→ SUPPLIED INFORMATION:
○ ○ ○

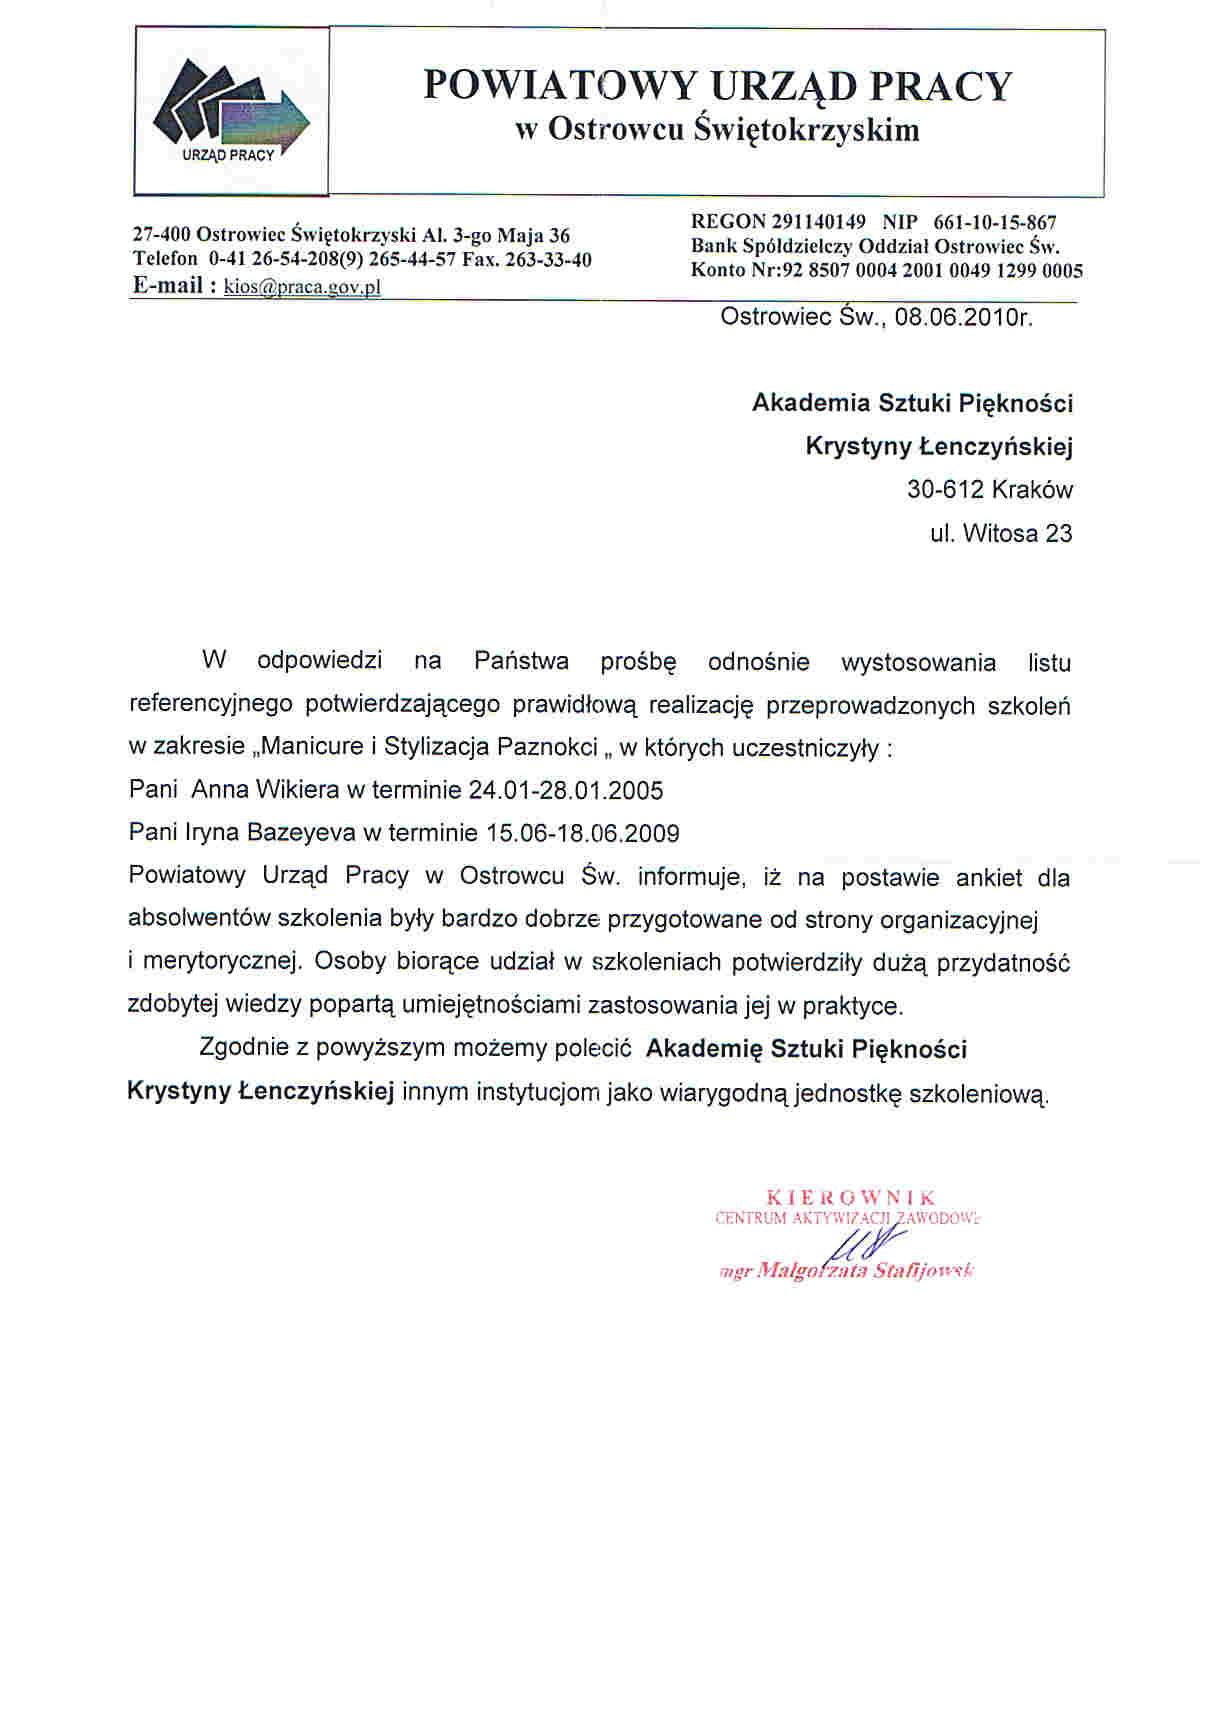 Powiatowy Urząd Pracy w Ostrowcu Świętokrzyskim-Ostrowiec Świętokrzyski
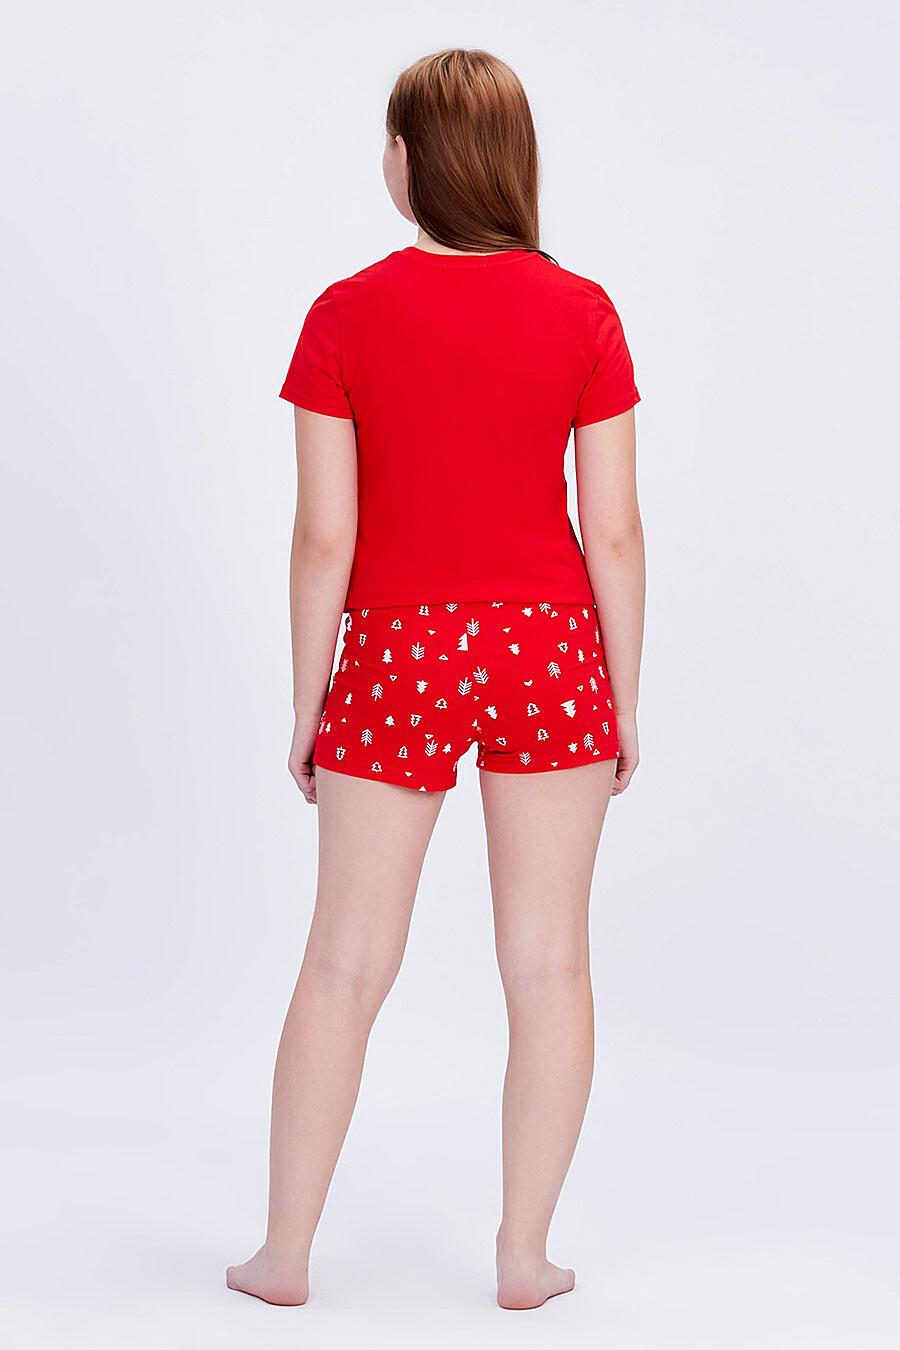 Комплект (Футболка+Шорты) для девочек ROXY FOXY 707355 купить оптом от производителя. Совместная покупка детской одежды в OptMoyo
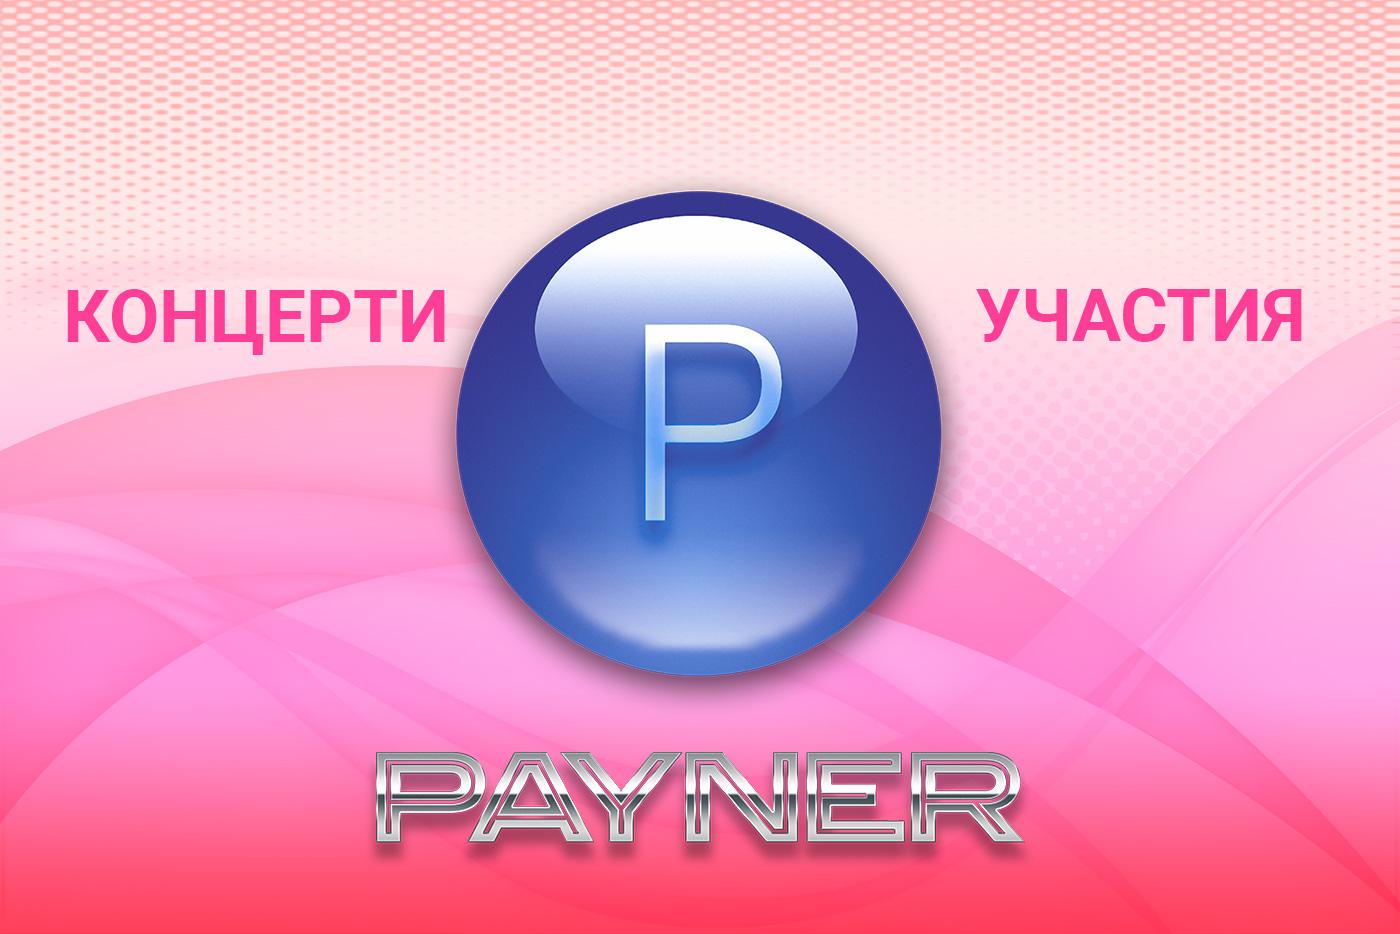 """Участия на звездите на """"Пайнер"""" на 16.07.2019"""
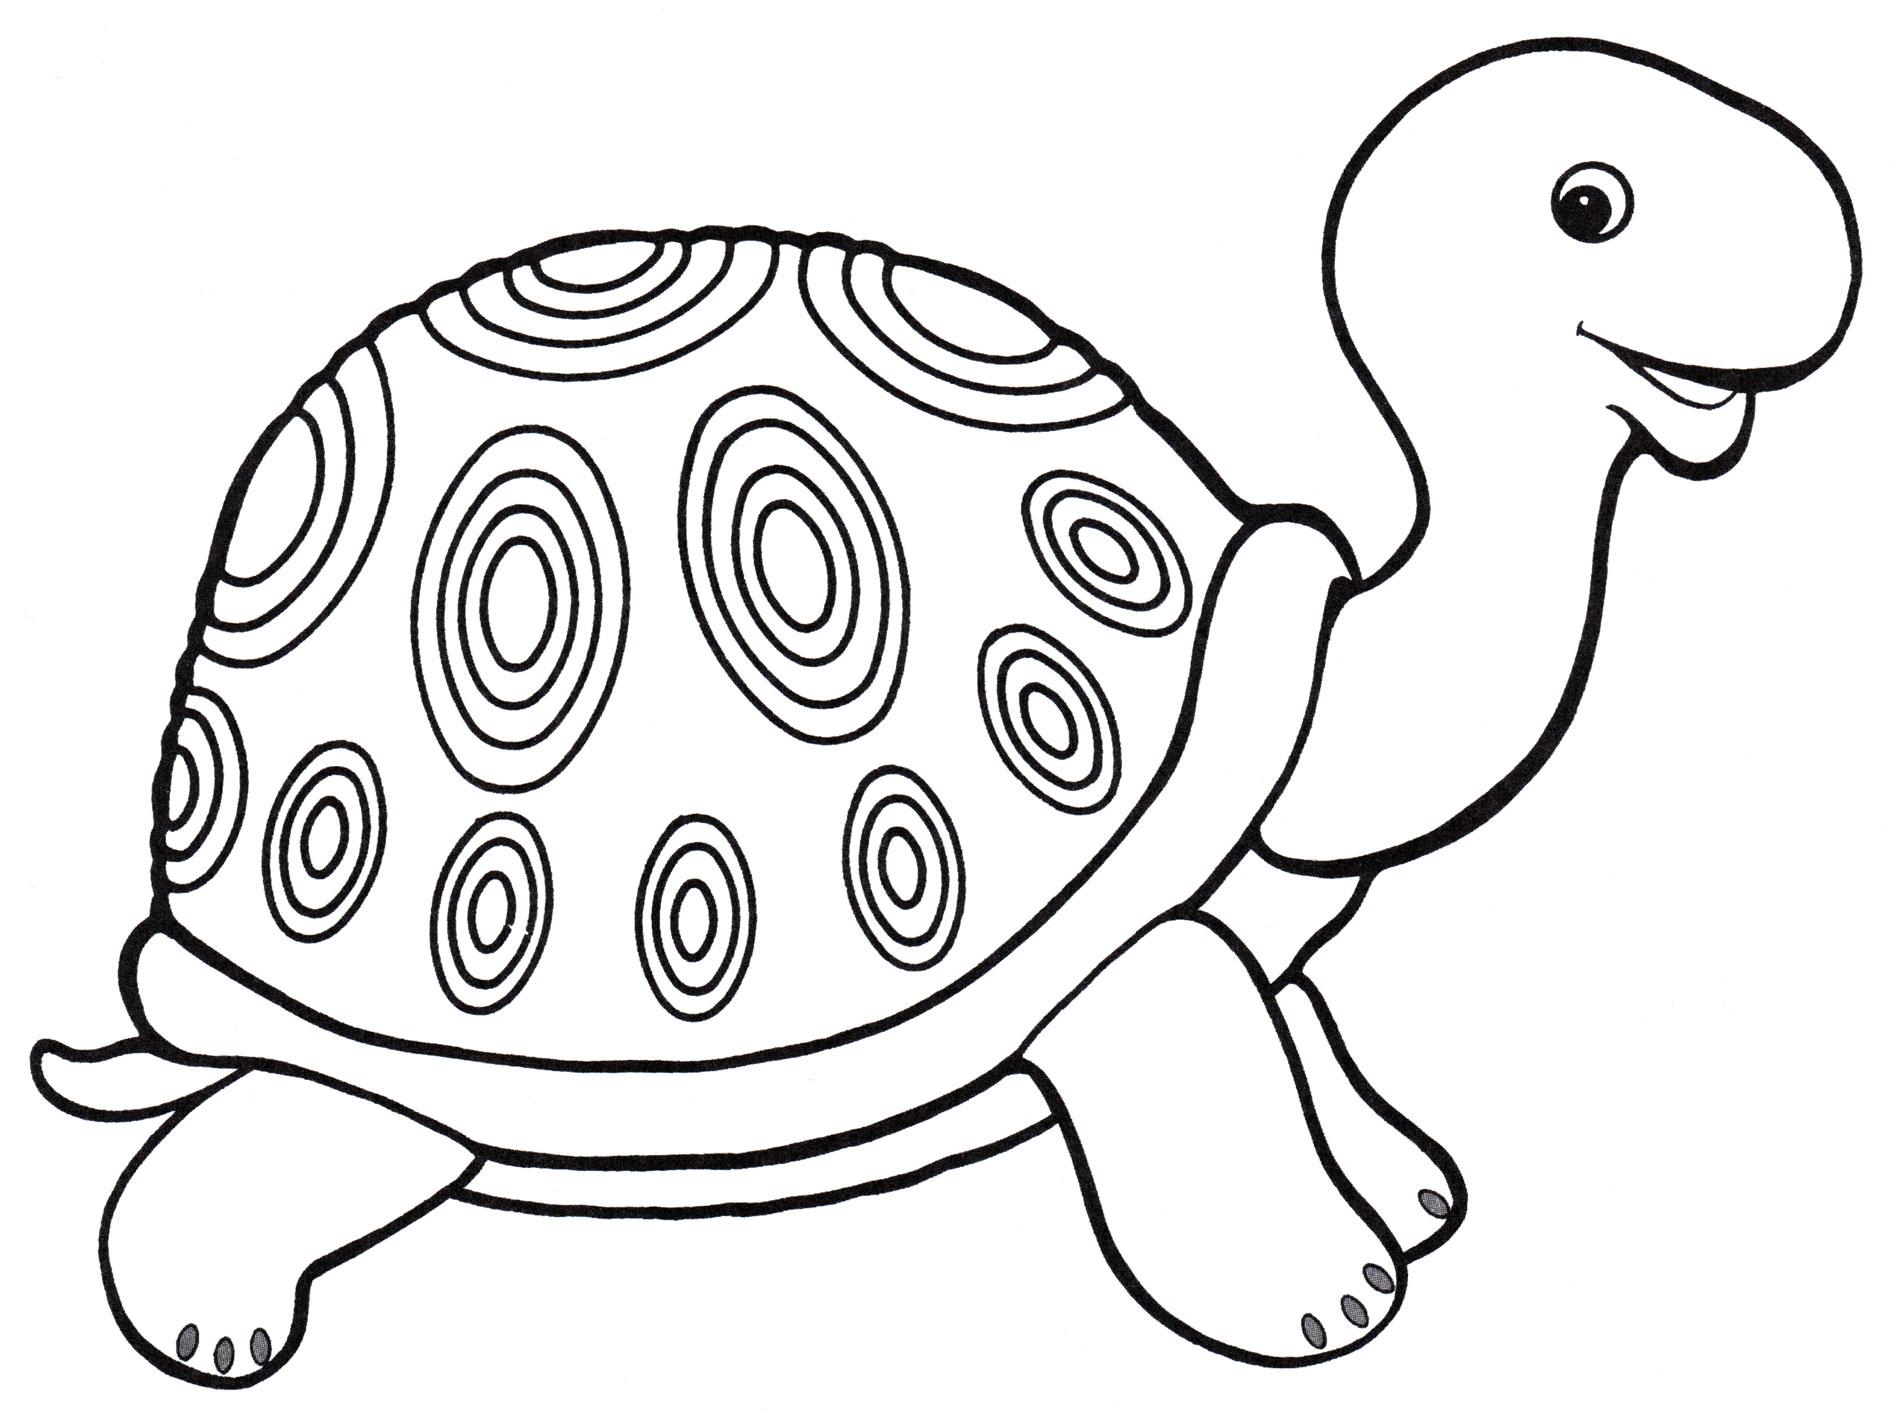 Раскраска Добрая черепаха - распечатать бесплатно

○ ○ ○

→ REQUIREMENT: Locate "на звездите на" in the listing above, then print exactly the lines from that line through the final one, omitting all pictures.

→ TASK OUTPUT:
 """Участия на звездите на """"Пайнер"""" на 16.07.2019"""
 Раскраска Добрая черепаха - распечатать бесплатно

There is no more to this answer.